#### [Your assignment]
Give the data below again exactly, and drop each picture from it.

#### [Collected data]
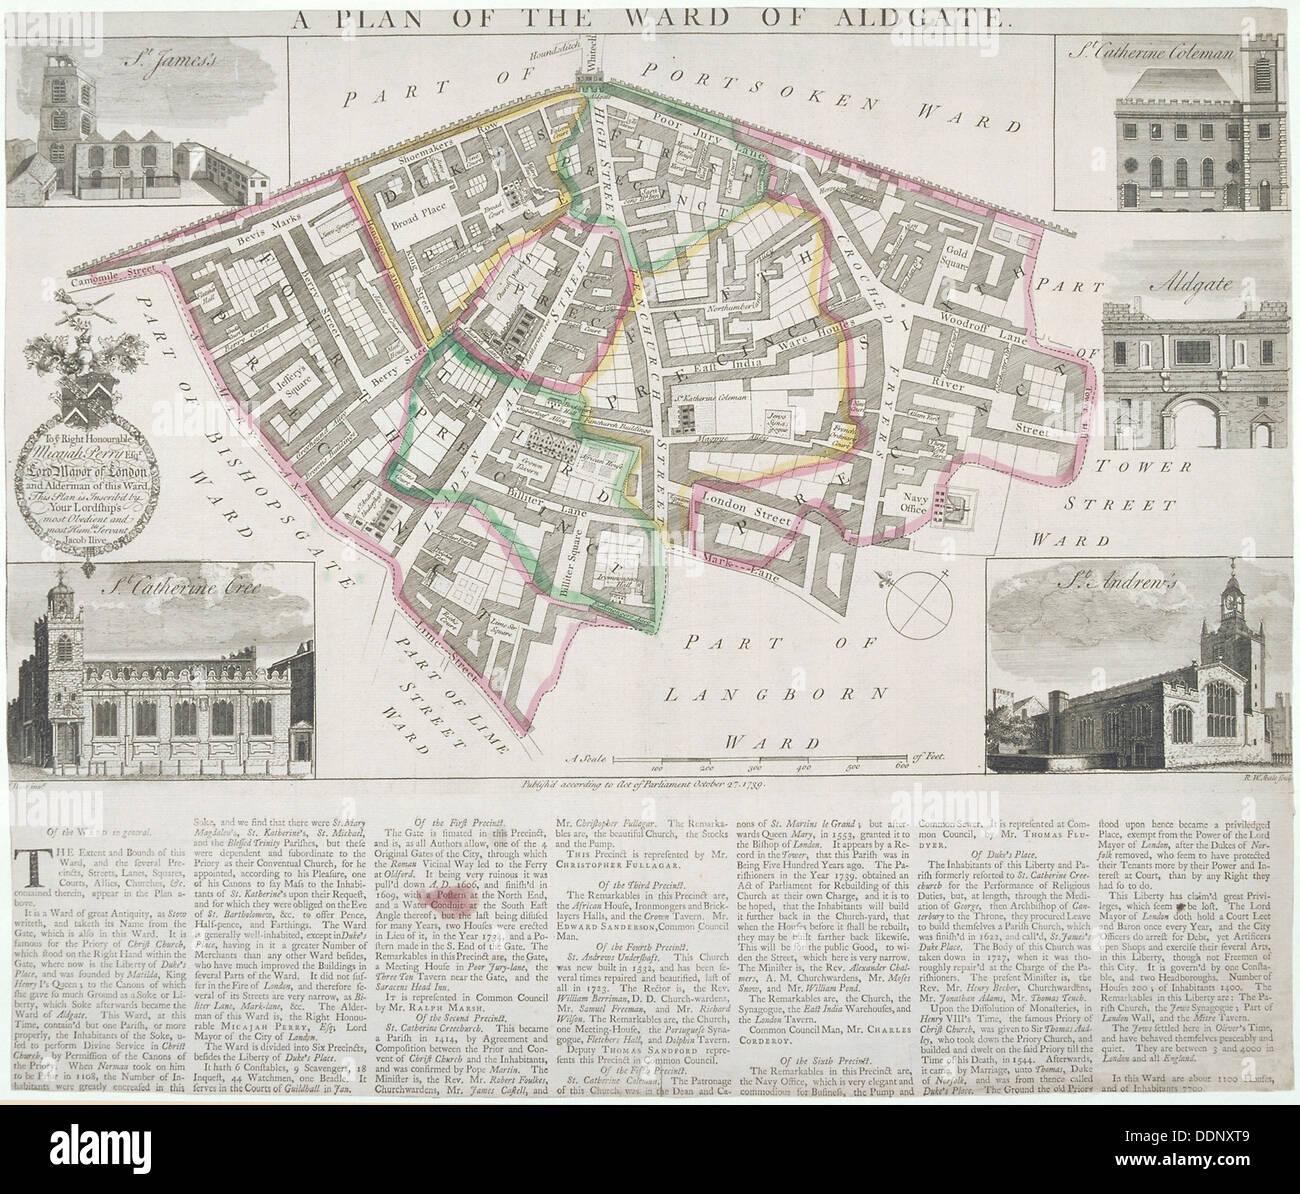 Map of Aldgate Ward, City of London, 1739. Artist: RW Seale - Stock Image
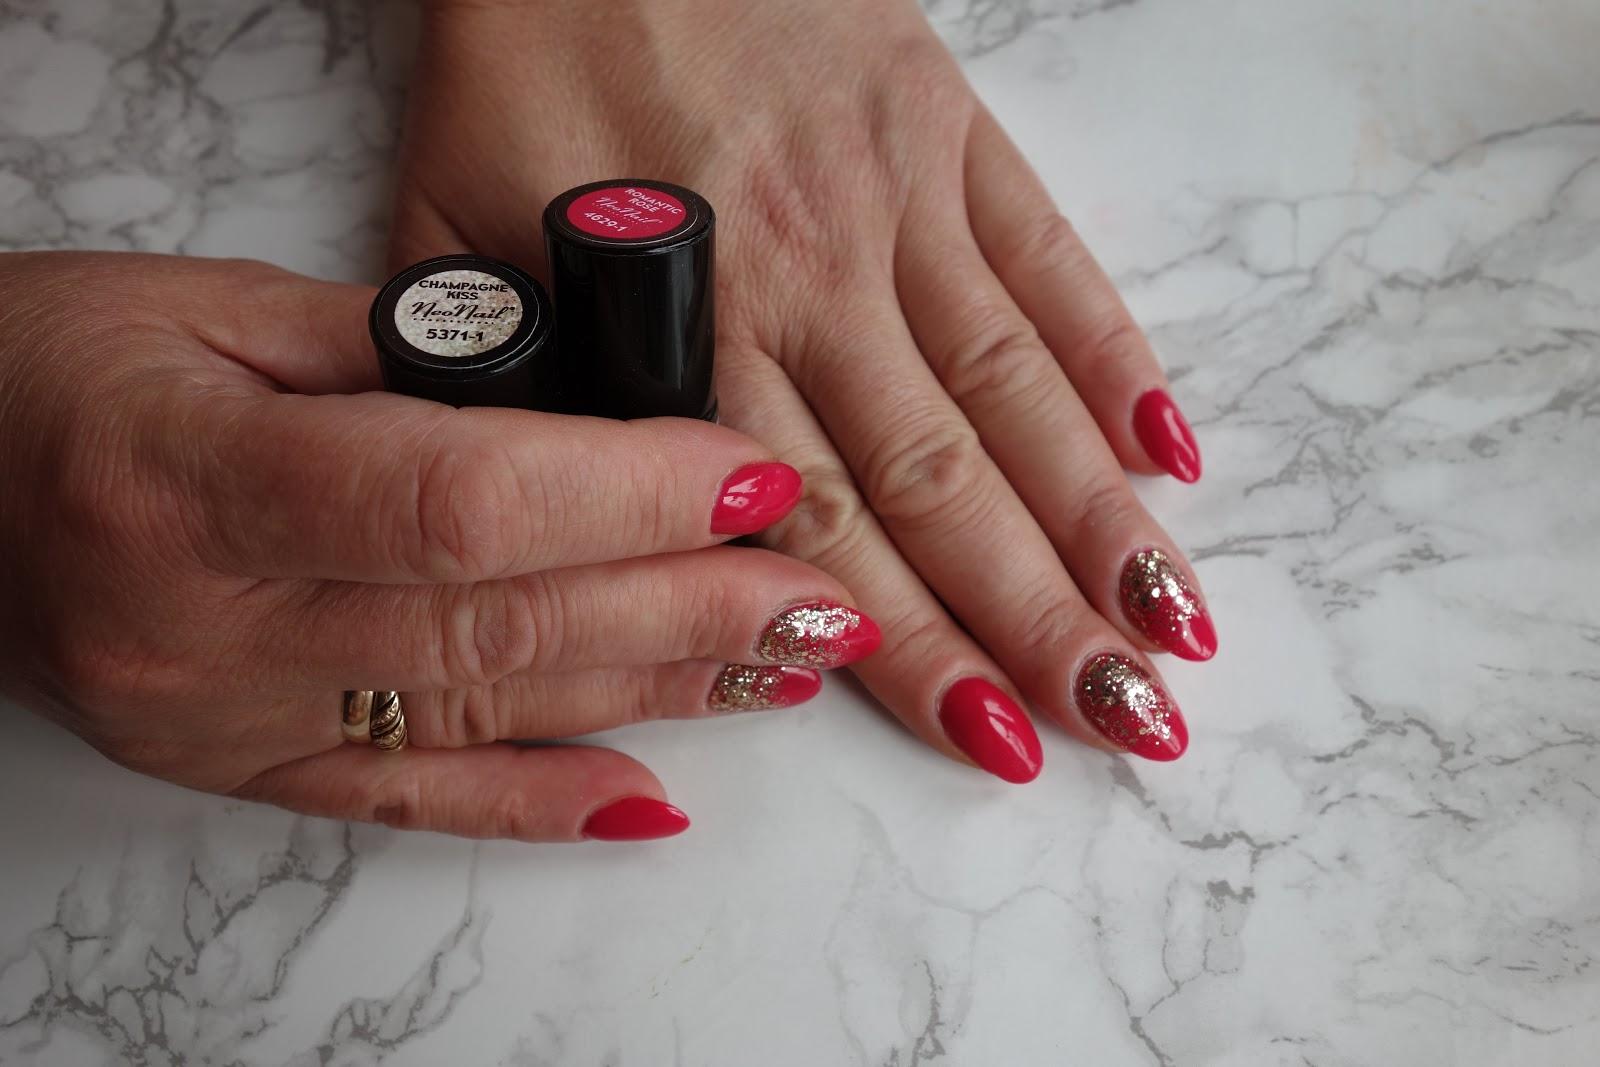 Neonail manicure hybrydowy - Romantic Rose & Champagne Kiss
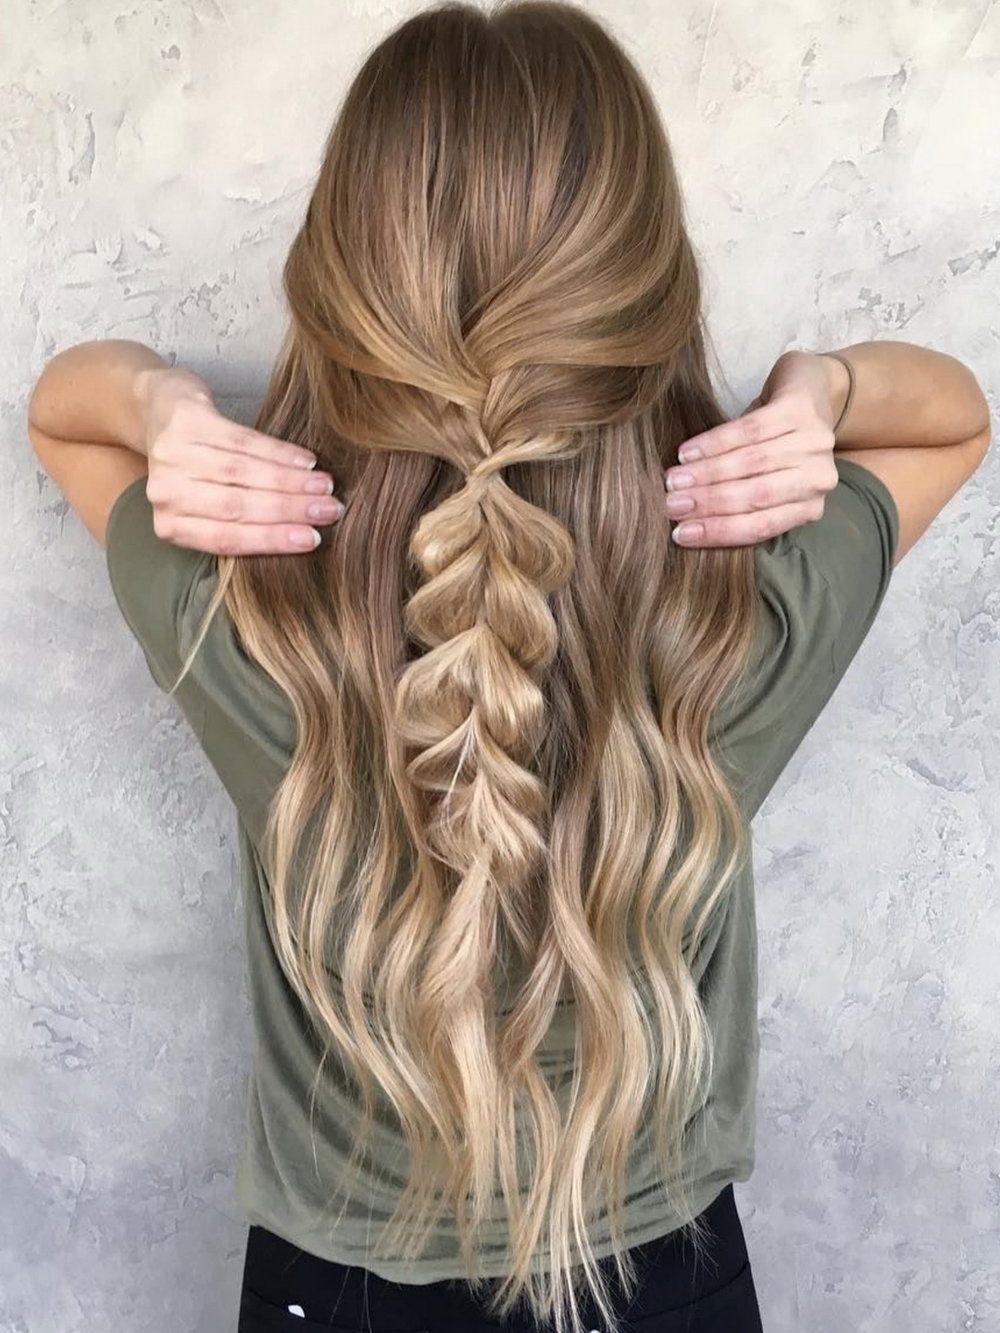 Stunning Braided Hairstyles in Hair Pinterest Hair

#### [Answer to this exercise]
 Map of Aldgate Ward, City of London, 1739. Artist: RW Seale - Stock Image
 Neonail manicure hybrydowy - Romantic Rose & Champagne Kiss
 Stunning Braided Hairstyles in Hair Pinterest Hair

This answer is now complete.